L’ultimo discorso di Gesù si trova nel Vangelo di Giovanni, capitoli 13-17. Questa parte del Vangelo descrive gli insegnamenti che Gesù impartisce ai suoi discepoli durante l’Ultima Cena, poco prima del suo arresto e crocifissione.
Il seguente versetto dal commiato di Gesù si trova in Giovanni 17, 3:
Τὸ δὲ αἰώνιον ἐστίν, ἵνα γινώσκωσίν σε τὸν μόνον ἀληθινὸν Θεὸν, καὶ ὃν ἀπέστειλας Ἰησοῦν Χριστόν.
Tò dè aiṓnion estín, hína ginṓskōsin sè tòn mónon alēthinòn Theón, kaì hòn apésteilas Iēsoûn Christón
“Questa è la vita eterna: che conoscano te, il solo vero Dio, e colui che hai mandato, Gesù Cristo”
Vorrei leggere questo versetto alla luce dell’insegnamento di Antonella.
Aiṓnios non significa semplicemente “senza fine” nel senso cronologico ma indica una qualità del tempo: il tempo trasfigurato, partecipazione alla vita divina. L’“eterno” è il presente di Dio che irrompe nel tempo umano: una pienezza di senso.
Il verbo ginōskō (“conoscere”) in greco biblico ha un valore esperienziale, relazionale, non puramente intellettuale. Conoscere Dio significa entrare in comunione, lasciarsi trasformare dal suo amore. È lo stesso verbo usato per l’unione sponsale (“Adamo conobbe Eva”): un conoscere che implica intimità, unione, fecondità spirituale.
Apostéilas (dal verbo apostéllō, “mandare”) indica la missione: Gesù è l’inviato, il segno concreto dell’amore del Padre nel mondo. Conoscere il Padre e conoscere il Figlio sono un solo atto: in Cristo, il volto invisibile di Dio si è fatto visibile.
L’esperienza della vita eterna passa dunque attraverso la relazione viva con il Verbo incarnato. Gesù stesso è questa apertura: il Figlio che, rivelando il Padre, restituisce all’uomo la sua verità divina.
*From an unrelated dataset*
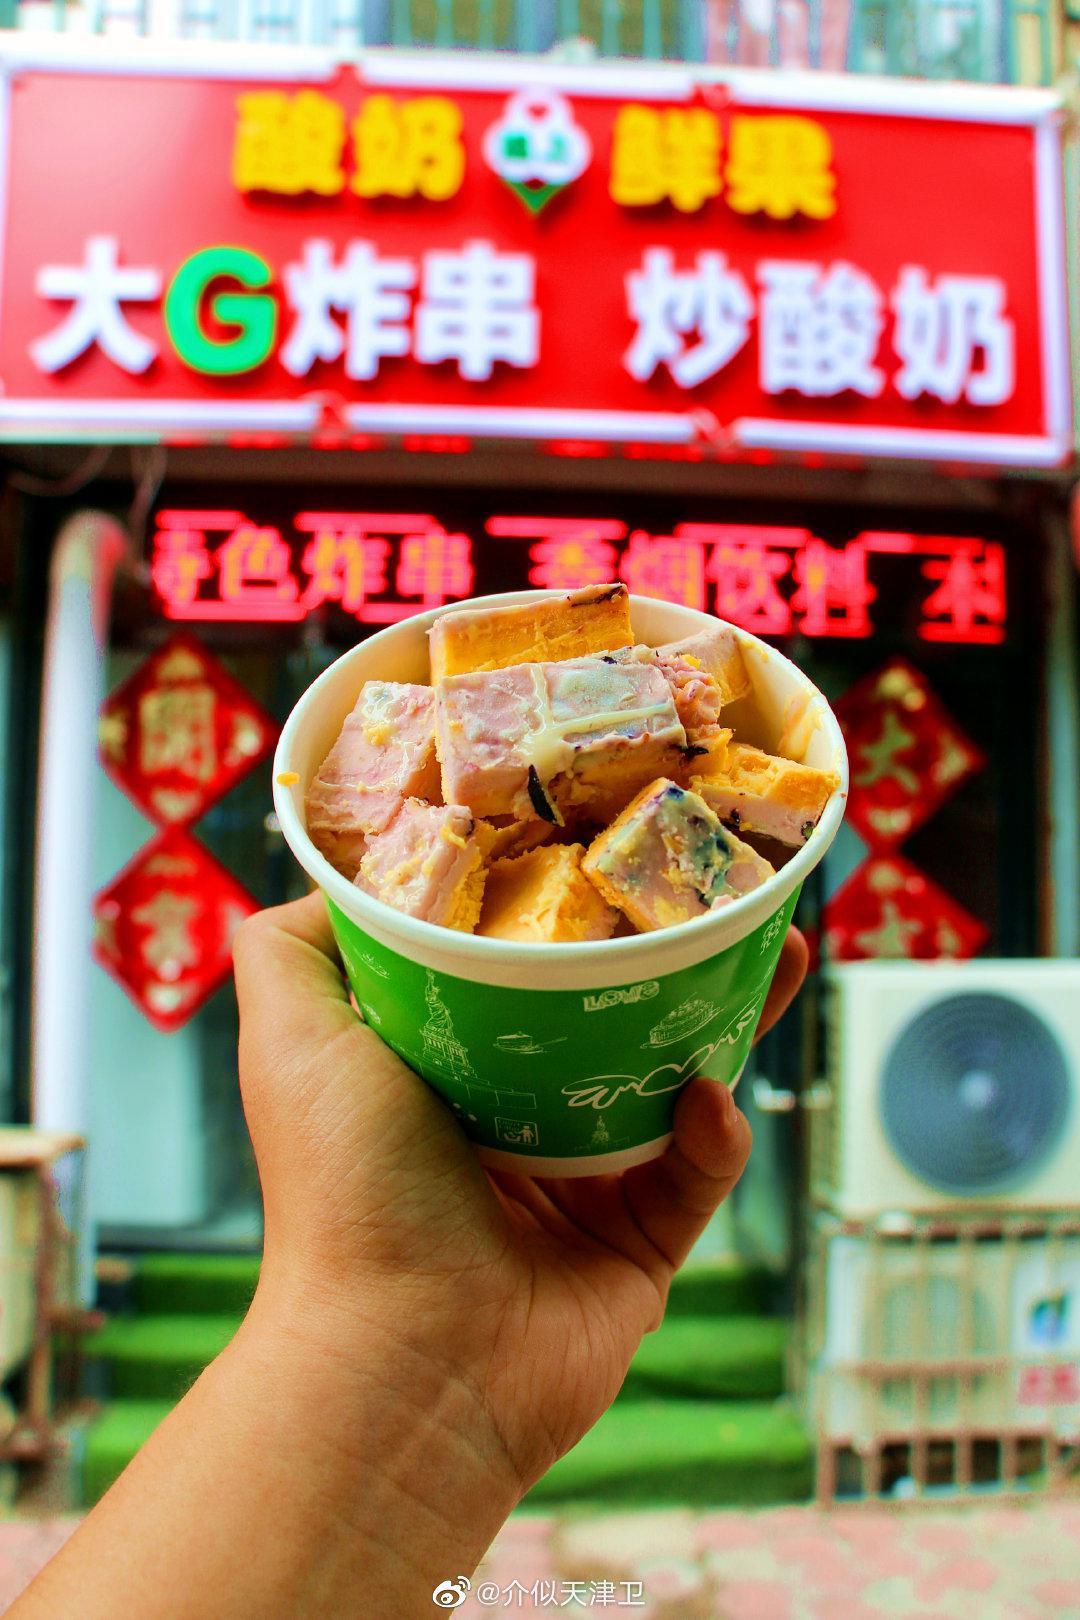 夏天,吃上一份炒酸奶,棒棒哒! 最近看网上厚切炒酸奶倍儿火……

In questa frase, Gesù definisce la vita eterna come uno stato di conoscenza-amore che inizia già nel presente. La vita eterna è ricevere questo amore, diventarne canale, manifestazione, e vivere in questa relazione, che è conoscenza trasformante. Dunque unione fra tempo ed eterno, tra coscienza umana e coscienza divina.
L’“homo spiritualis”, elaborato da Antonella in L’eterno nel tempo (Castelvecchi Editore, 2025): vivere la propria esistenza come relazione continua con la Fonte.
L’eternità, così, non è dopo la morte, ma nel cuore del tempo: è il presente che si apre alla luce. È l’esperienza che trasforma l’essere umano da homo sapiens a homo spiritualis.